What the task requires >> Retype, exactly and completely, the listing that comes next, skipping its images.

Data section >>
------------------------------------------------------------------------

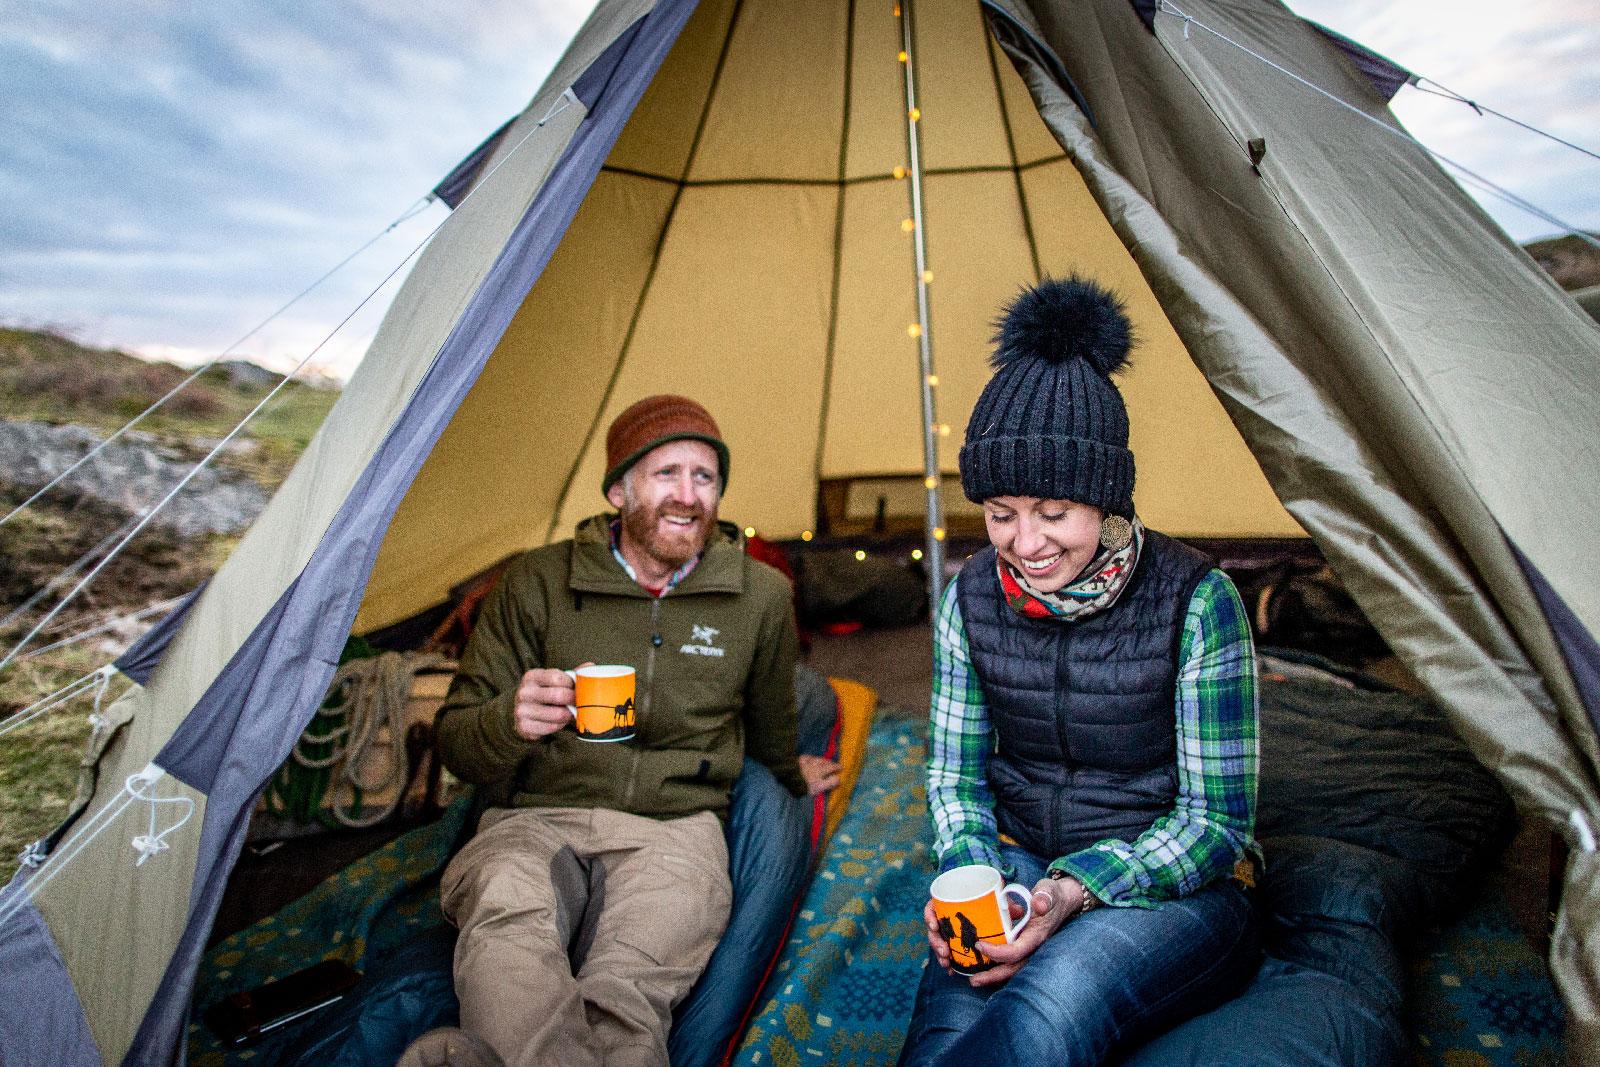 Award-winning    Robens    technical tents, mattresses and sleeping bags
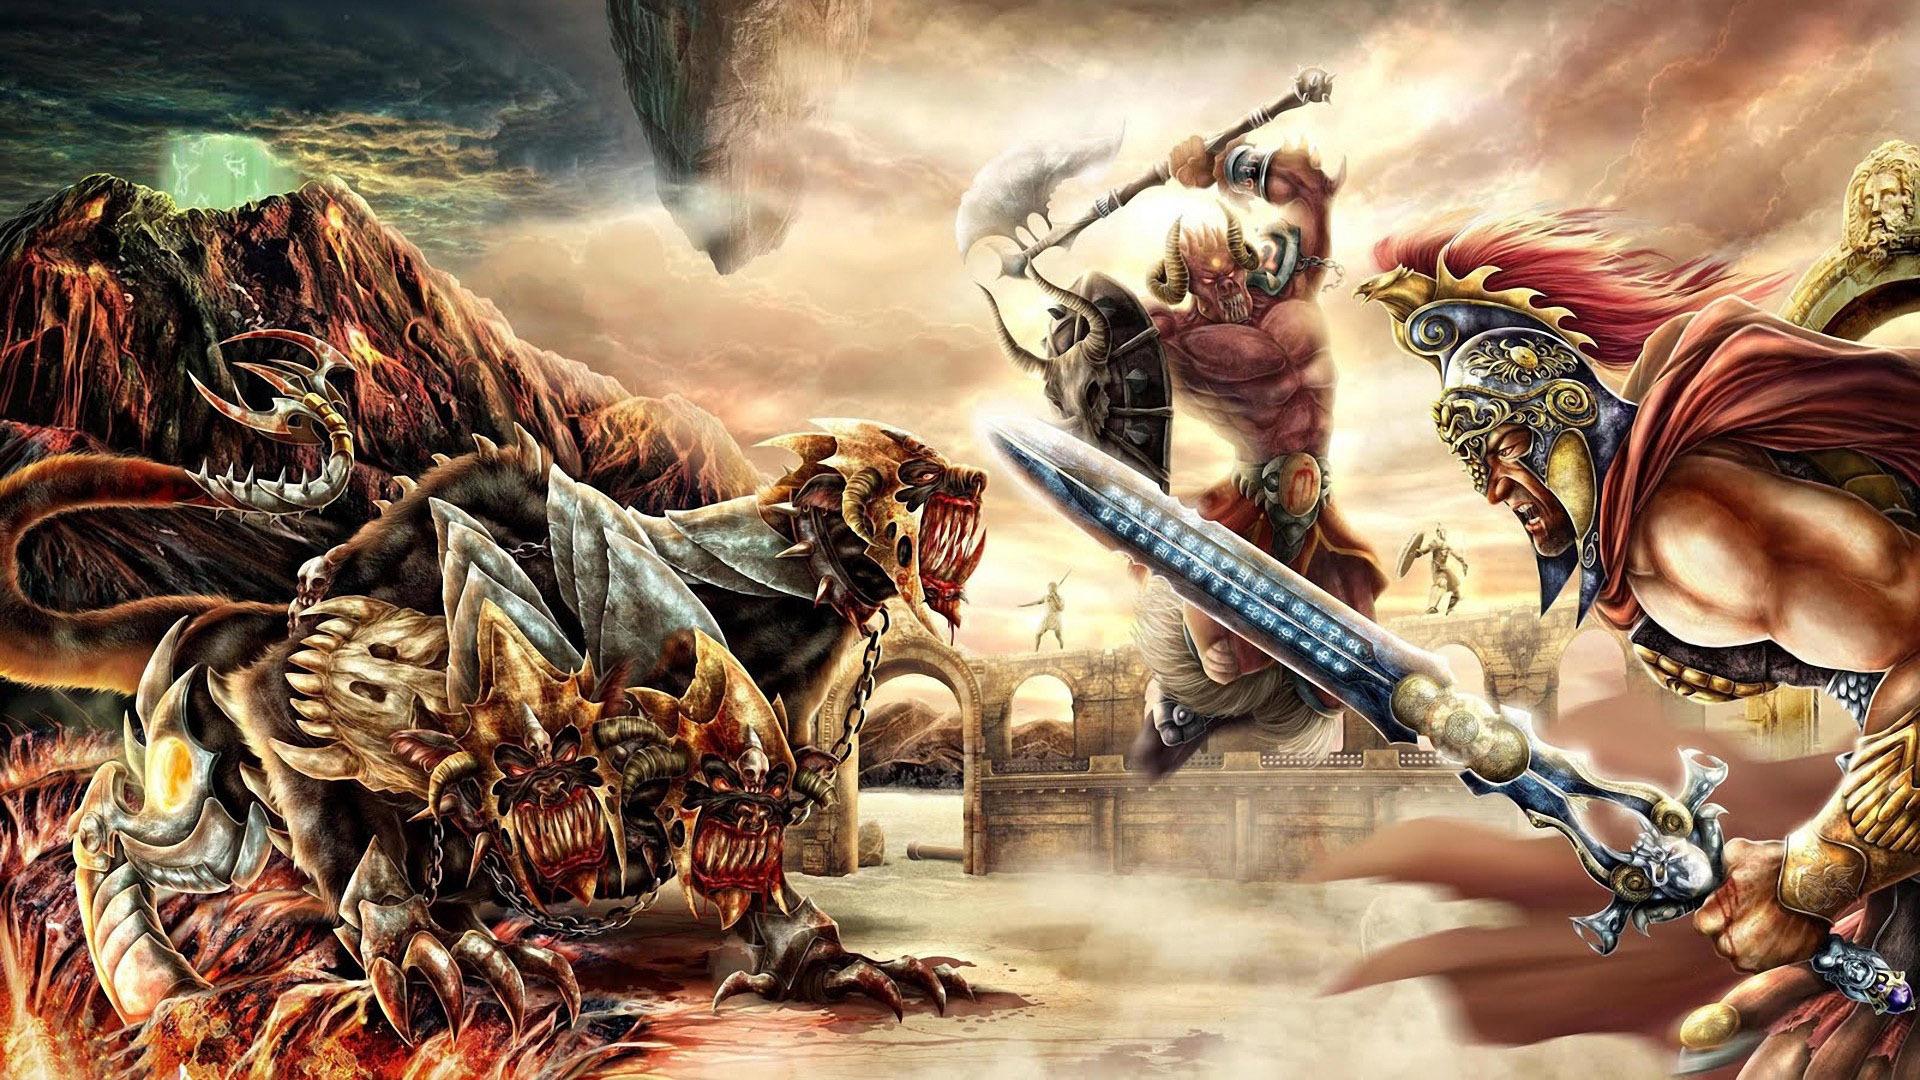 Free Download Final Battle Hd Wallpaper 1920x1080 1920x1080
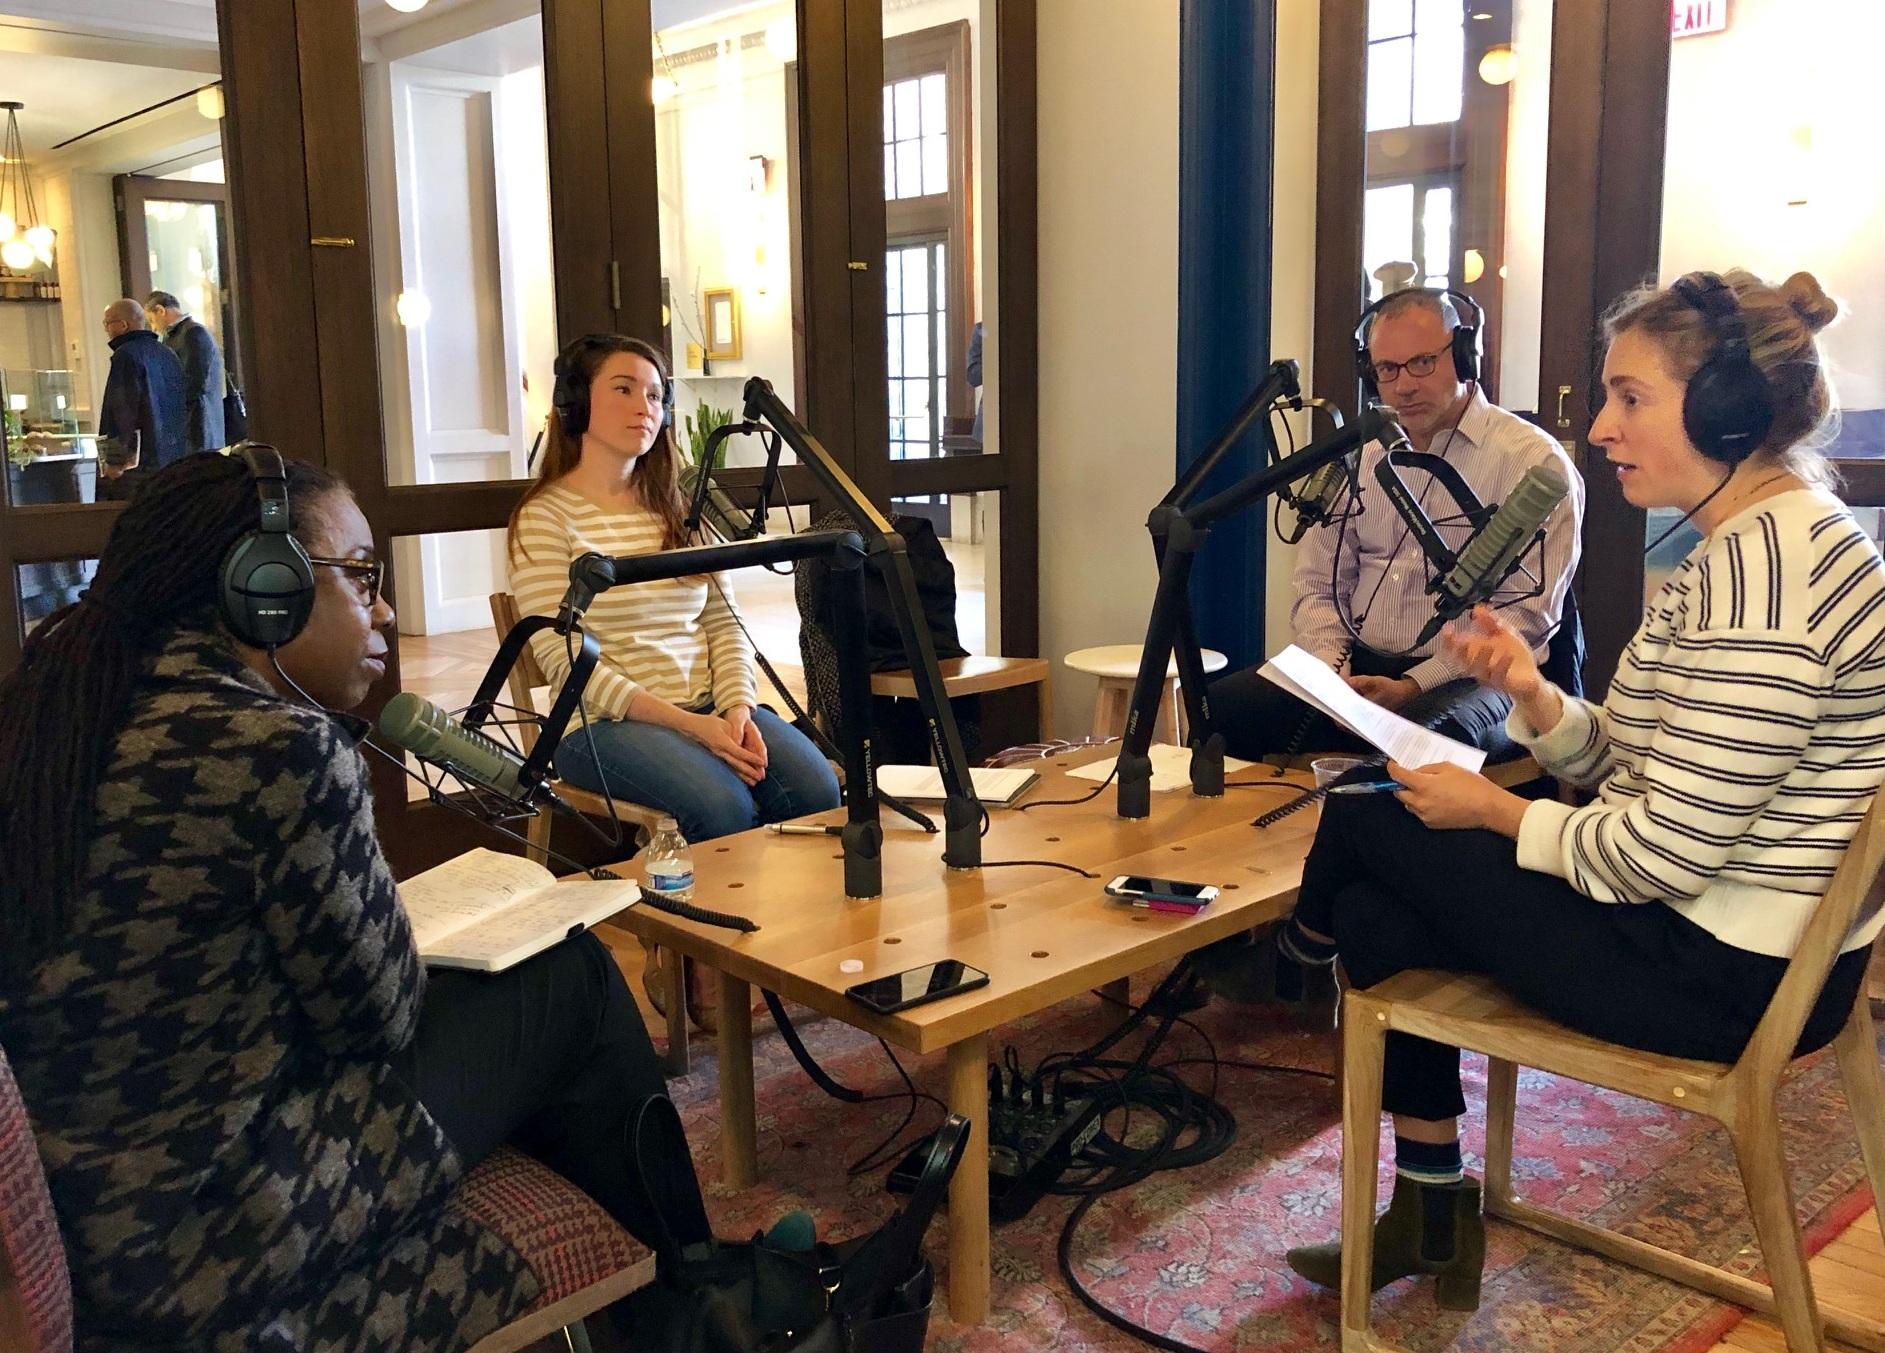 Investing in Food, Episode 1: Inside the Mind of the Investor  with Celeste James, Leila Otis and Eric Kessler

------------------------------------------------------------------------

Exercise answer >>
 Award-winning    Robens    technical tents, mattresses and sleeping bags
 Free Download Final Battle Hd Wallpaper 1920x1080 1920x1080
 Investing in Food, Episode 1: Inside the Mind of the Investor  with Celeste James, Leila Otis and Eric Kessler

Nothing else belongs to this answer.